Artigo: A Tecnologia e sua real contribuição para economia dos gastos públicos.

Notícias - 21, junho, 2021
Por Ana Priscila A. de Queiroz

Fugindo à regra, essa semana vou me eximir de tratar da análise do Parecer da AGU em razão de entender que existe vida fora das tretas jurídicas relacionadas ao “Pode, mas não deve usar a Lei 14.133/2021”; ou seria: “Não pode e não deve?”. Enfim… Em um mundo alheio as polêmicas trazidas pela NLL eis que surge a Lei Complementar n• 182/2021, também chamada de Marco das Startups e do empreendedorismo inovador.
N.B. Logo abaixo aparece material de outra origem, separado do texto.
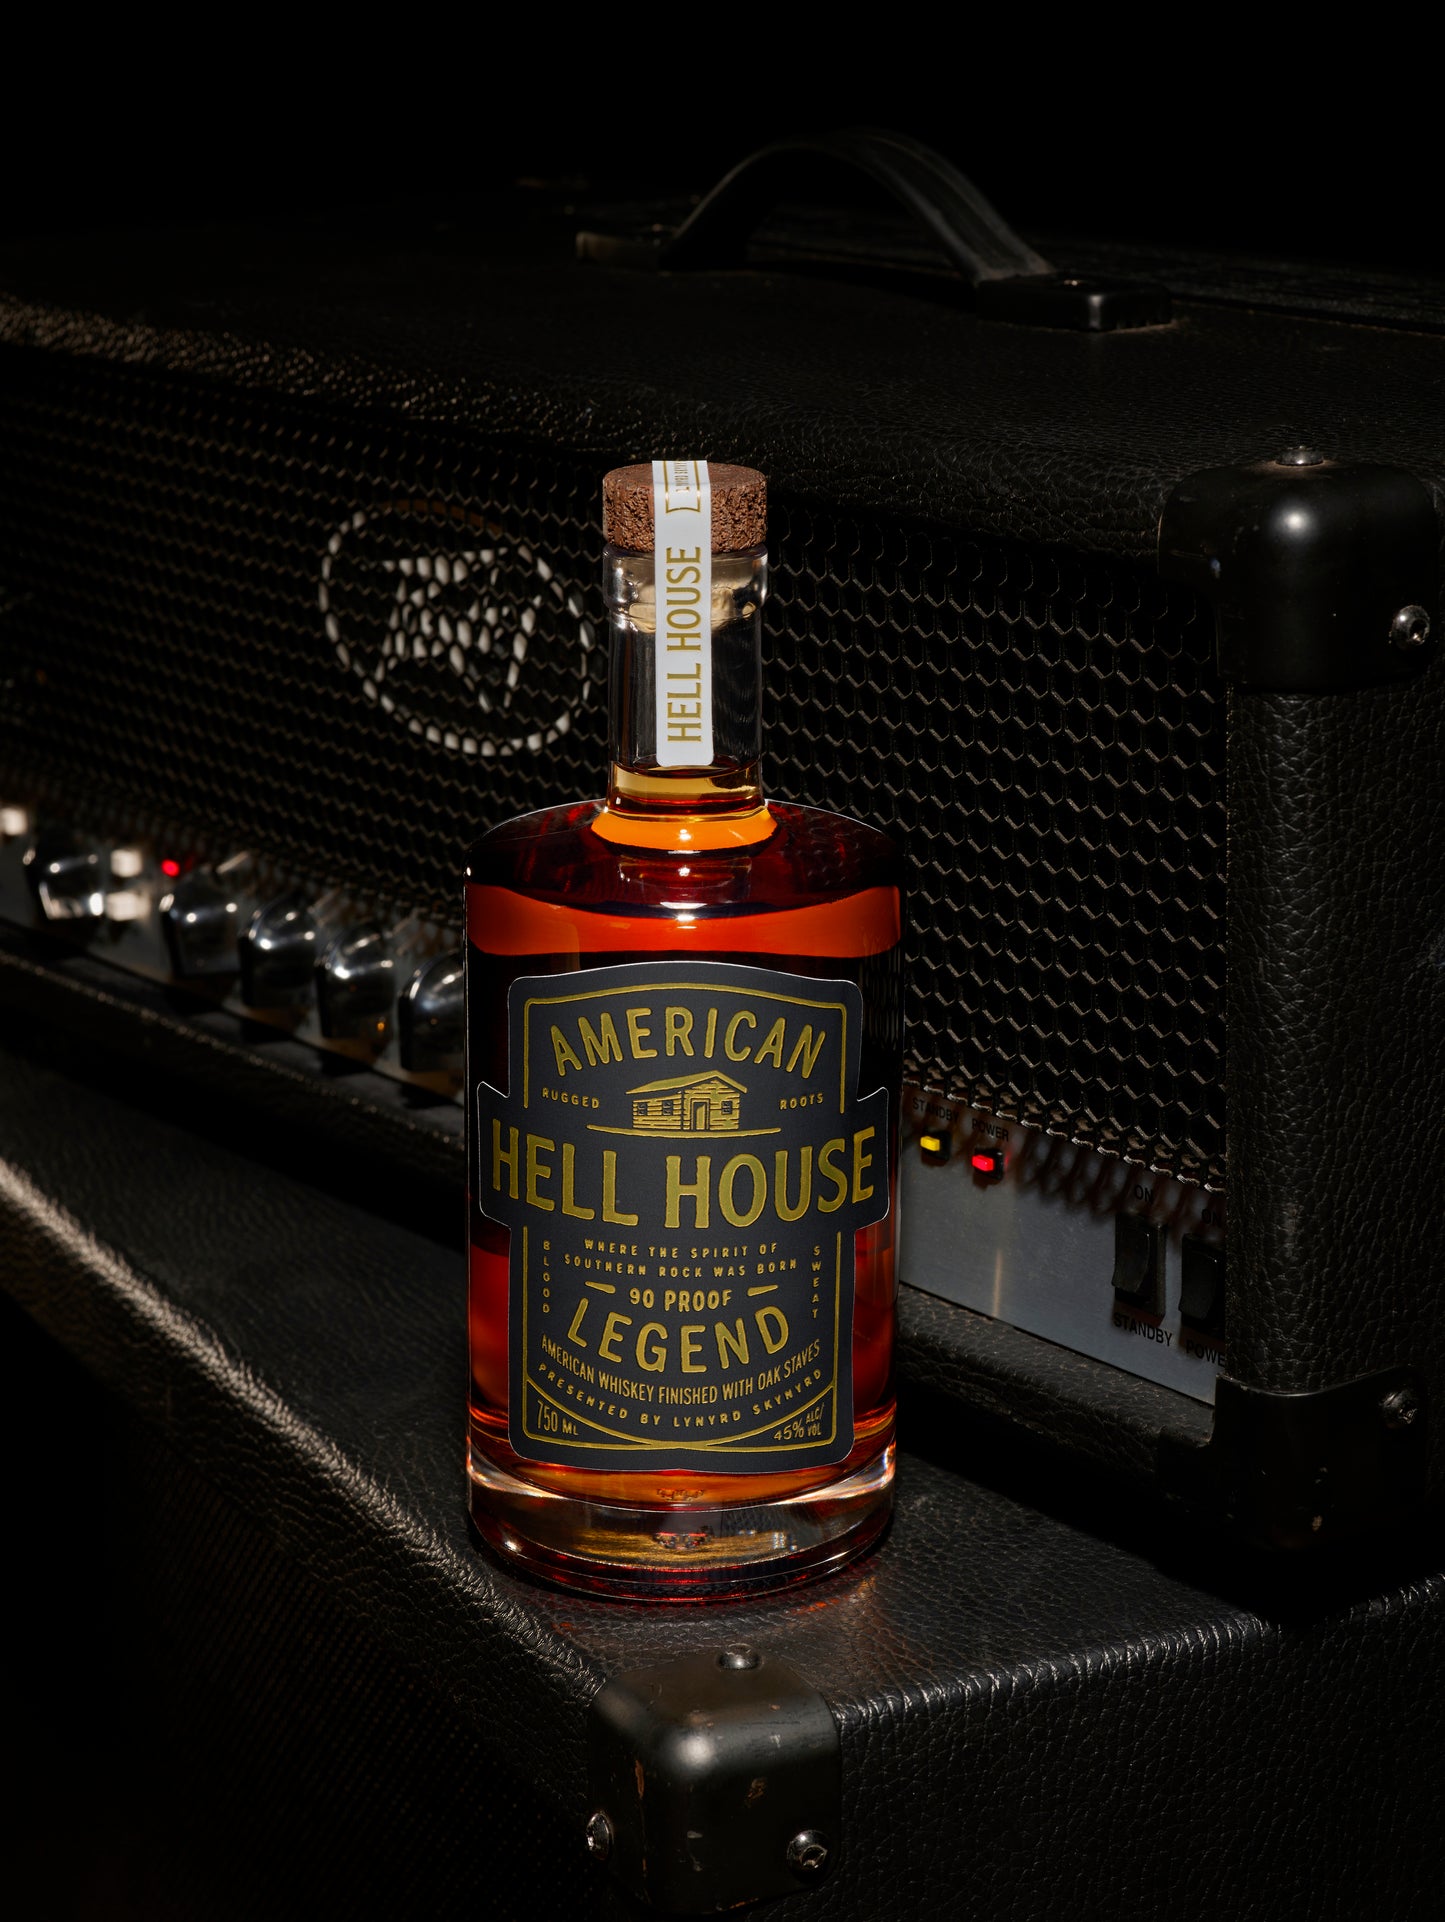 Hell House American Whiskey

A citada Lei Complementar, publicada há pouco mais de 1 semana, além de criar uma nova modalidade de licitação, estabelece:

– Princípios e as diretrizes para a atuação da administração pública no âmbito da União, dos Estados, do Distrito Federal e dos Municípios (art. 1, inciso I);

– Apresenta medidas de fomento ao ambiente de negócios e ao aumento da oferta de capital para investimento em empreendedorismo inovador; e

– Disciplina a licitação e a contratação de soluções inovadoras pela administração pública.

Faz-se necessário destacar que a Lei em comento traz ao longo de seu texto a definição de vários termos, a fim de que não paire nenhuma dúvida sobre quais empresas seriam consideradas startups, o que seria sandbox regulatório, investidor anjo, dentre outros conceitos.
Trata, ainda, da forma como se efetivaria a escolha da melhor solução tecnológica para solução do problema, intitulando o Contrato como: Contrato Público para Solução Inovadora – CPSI, que será prévio ao Contrato de Fornecimento da Solução Tecnológica.

É URGENTE destacar que inevitavelmente a tecnologia tem que estar atrelada à Administração Pública. Podemos citar e destacar exemplos de soluções inovadoras que trouxeram uma economia impactante para os Órgãos Públicos, a exemplo do TáxiGov (2017), que desde então já trouxe uma economia de R$ 30 milhões e a implementação do Almoxarifado virtual (2021) que tem como expectativa economizar R$ 78 milhões.

Em suma, a nova Lei Complementar traz soluções. Eu sou da corrente que primeiro foca a solução e depois define o que deve ser feito pra resolver a problemática.

Mais ação.
Mais planejamento.
Mais inovação.
Mais tecnologia.
Mais eficiência.
Mais economia de escala.

Por mais Inovação que tragam resultados concretos e por Menos discussões que não vão contribuir com a solução de problemas.